Hayvanların kistli organlarının çevreye rastgele atılmasının ölümlere yol açabilen hastalıklara neden olabildiği kaydedildi.
Erciyes Üniversitesi Veteriner Fakültesi Parazitoloji Ana Bilim Dalı Öğretim Üyesi Yrd. Doç. Dr. Alparslan Yıldırım, yaptığı açıklamada, halk arasında yeterince tanınmayan kist hidatik (echinococosis) hastalığının, köpeklerden diğer hayvanlara ve insanlara bulaşan bir hastalık olduğunu belirtti.
Hastalığın özellikle Kurban Bayramı sonrası dönemlerde artış gösterdiğini ifade eden Yıldırım, köpeklerin bağırsaklarında bulunan parazit yumurtalarından ortaya çıkan hastalığın, kurbanlık hayvanların atıklarının çevreye rastgele atılması nedeniyle yeniden köpeklere geçerek kısır döngü içine girdiğini vurguladı.
Hastalığın büyükbaş ve küçükbaş hayvanlar vasıtasıyla köpeklere geçtiğini ve enfekte köpeklerin dışkısı ile atılan yumurtaların insanlara bulaşarak ciddi sağlık sorunlarına yol açabildiğini ifade eden Yıldırım, hastalığın ortaya çıkışını şöyle özetledi:
"Köpeklerin ince bağırsaklarında bulunan echinococosis grubundaki parazitlerin yumurtaları, dışkı yoluyla dışarı atılıyor.

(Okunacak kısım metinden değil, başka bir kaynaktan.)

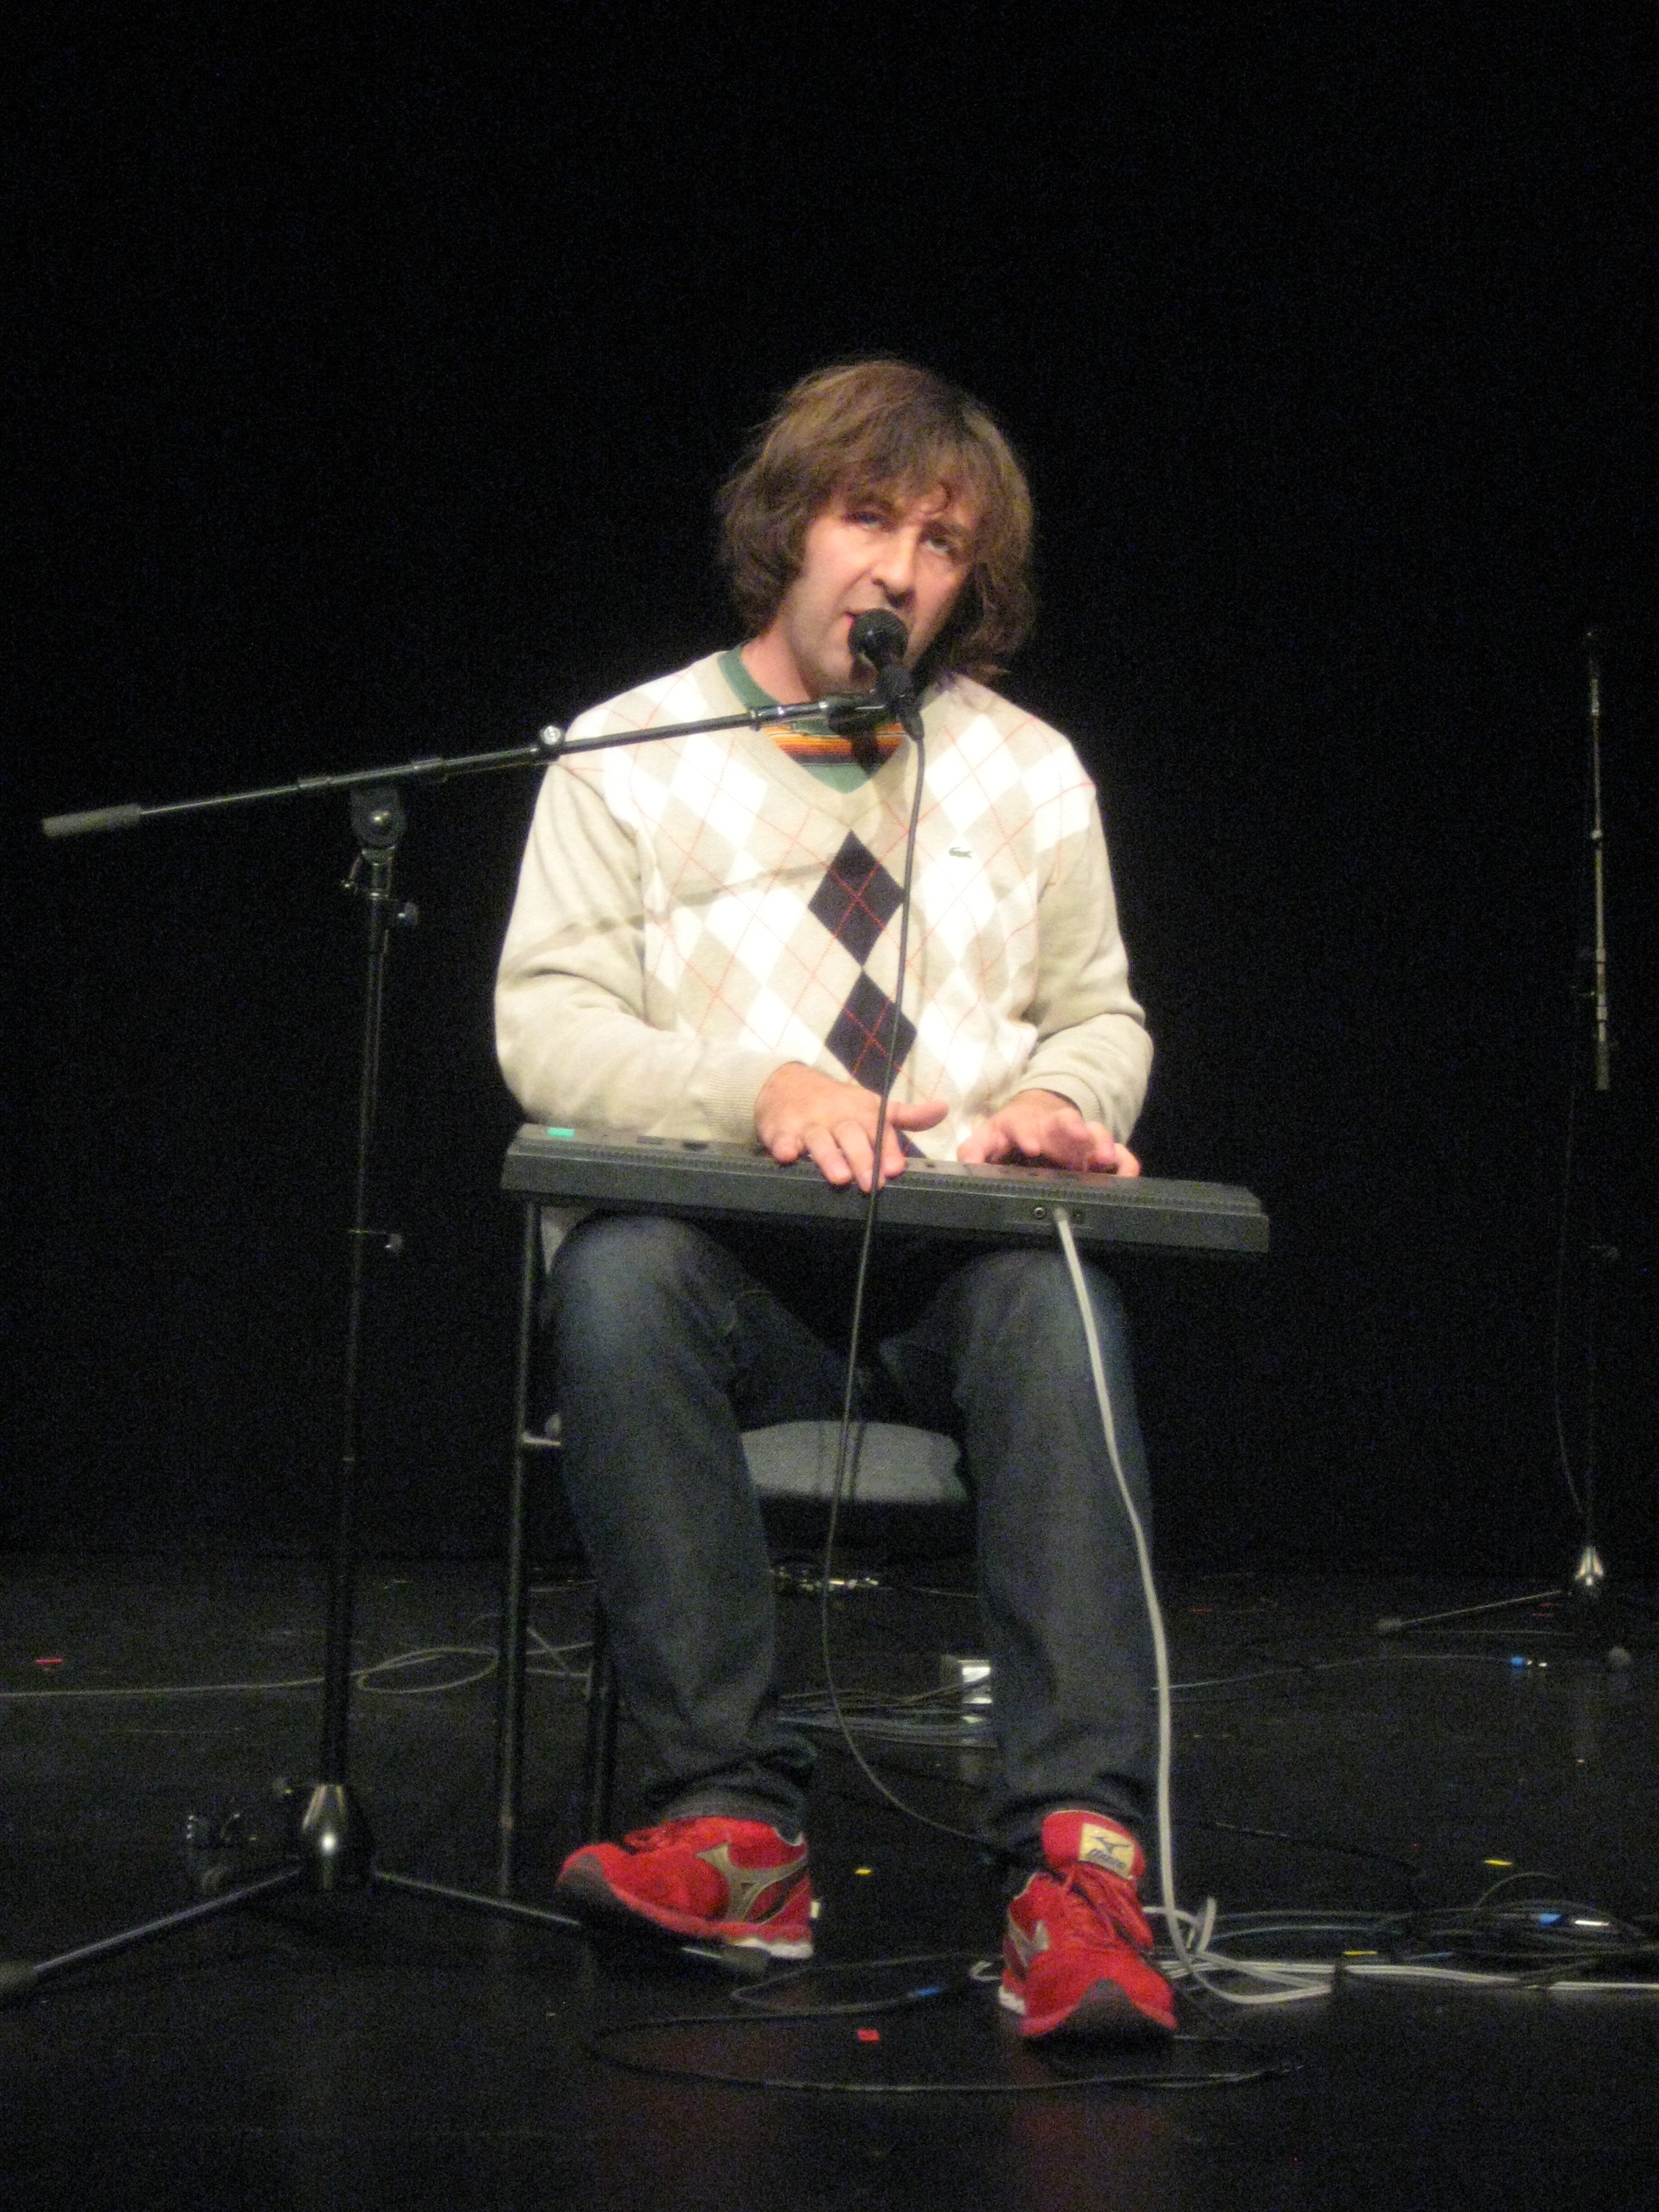 David O'Doherty - Giggle Me Timbers (Or 'Jokes Ahoy!')
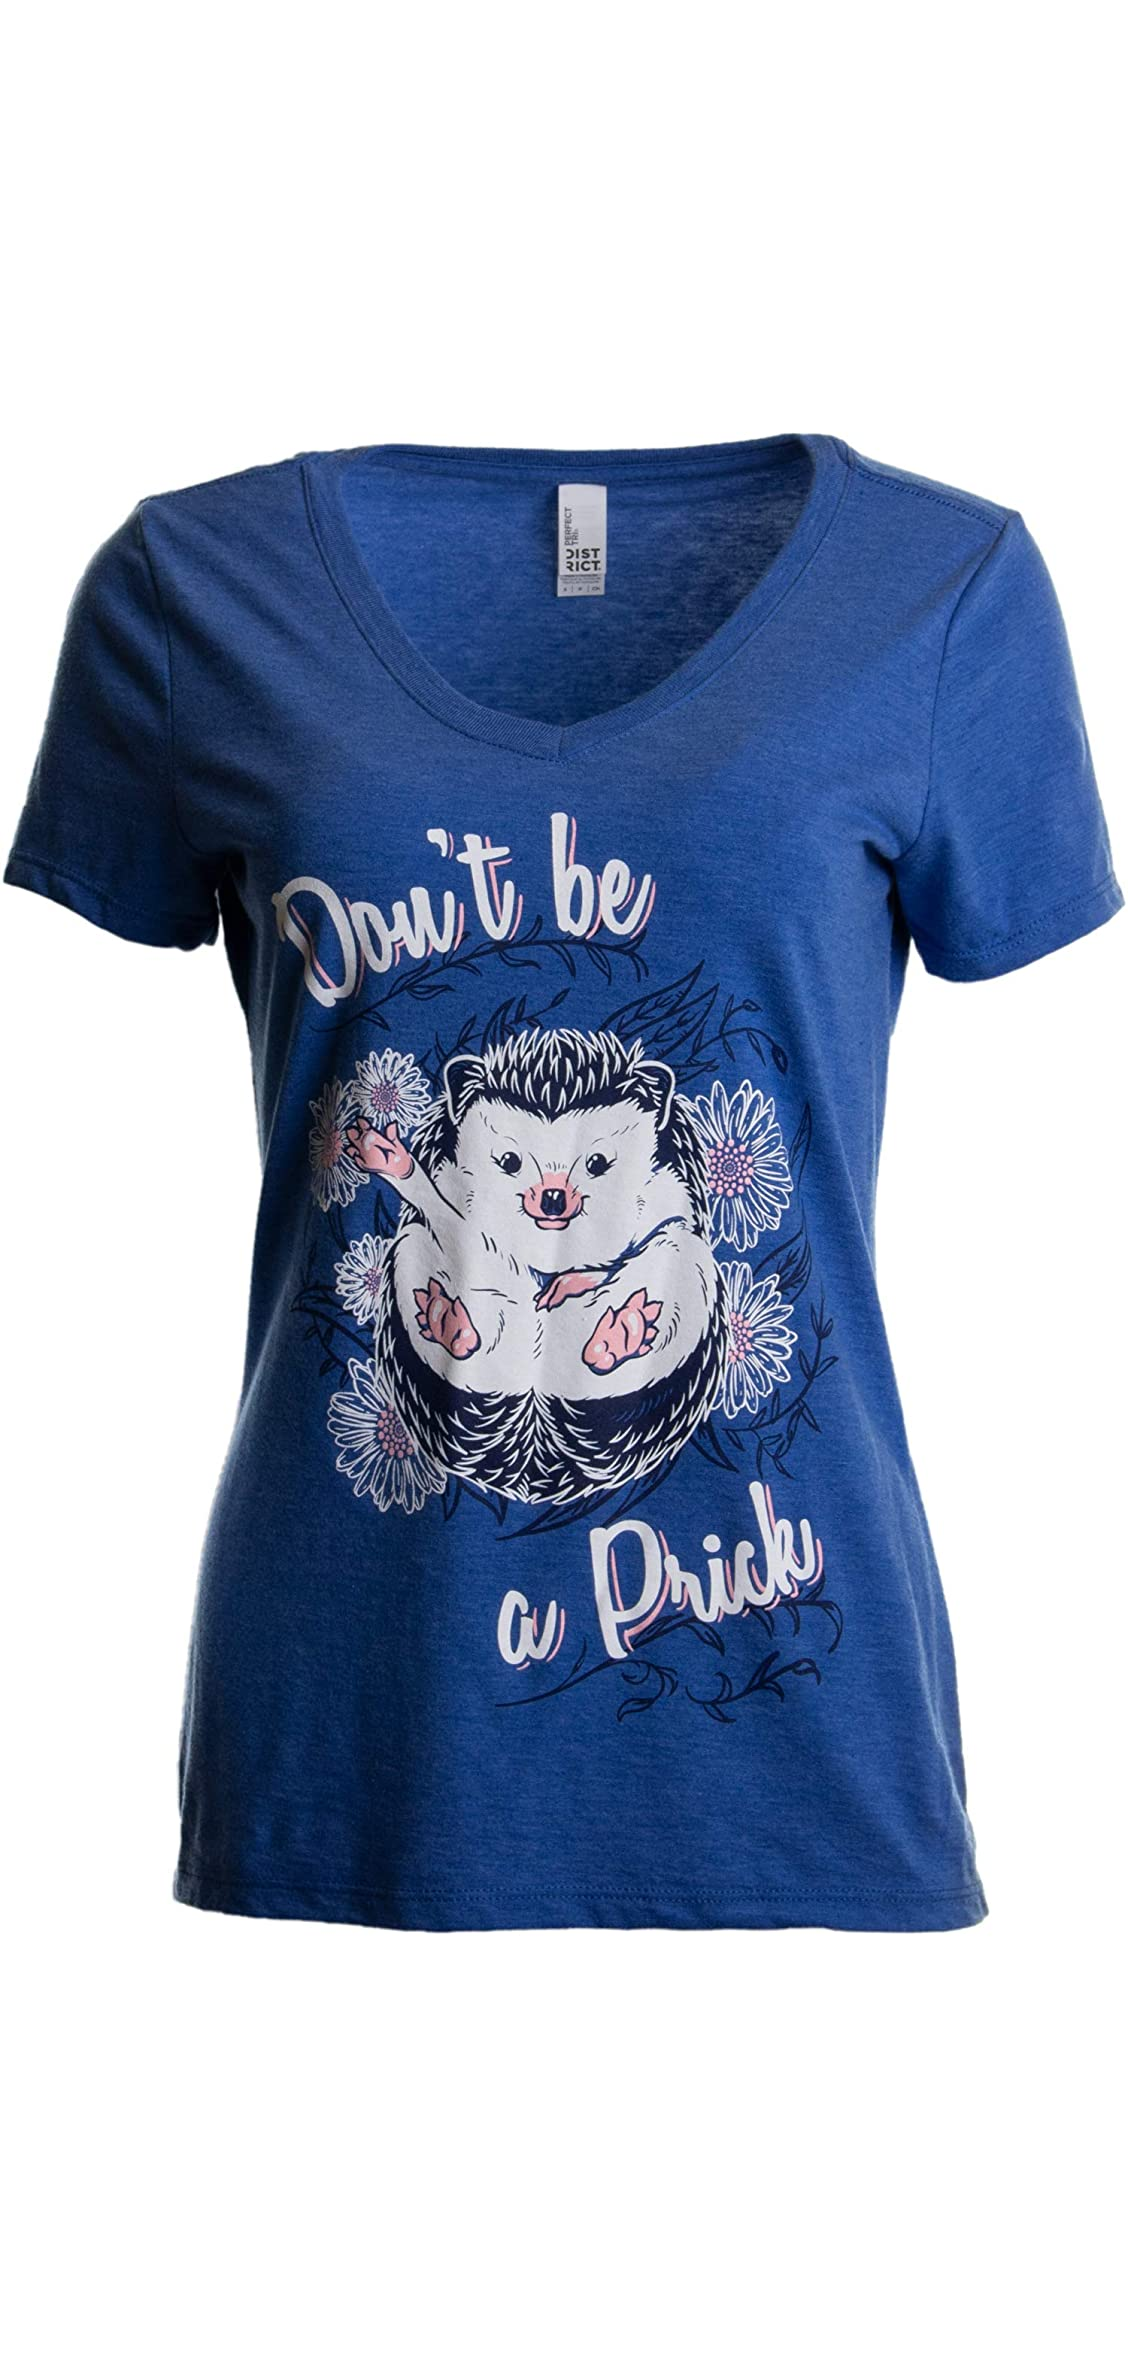 Don't Be A Prick  Funny Hedgehog Attitude Humor Saying V-neck

Soğuk ve sıcağa karşı uzun süre dayanabilen bu yumurtalar, bulaştıkları çeşitli gıdalar kanalıyla, sindirim yoluyla veya havaya karışarak solunum yoluyla koyun, keçi ve sığır gibi hayvanlara ve insanlara bulaşıyor. Yumurtalar, bu canlılarda belli bir dönem sonunda çeşitli organlarda kist hidatik ismi verilen larvaya dönüşüyor. Kurbanlık hayvanların özellikle karaciğer ve akciğer gibi kistli organlarının çevreye rastgele atılmasıyla bu larvaların tekrar köpeklere ulaşma yolu açılıyor. Böyle bir kısır döngü içinde hastalık insan sağlığını tehdit eder hale gelebiliyor."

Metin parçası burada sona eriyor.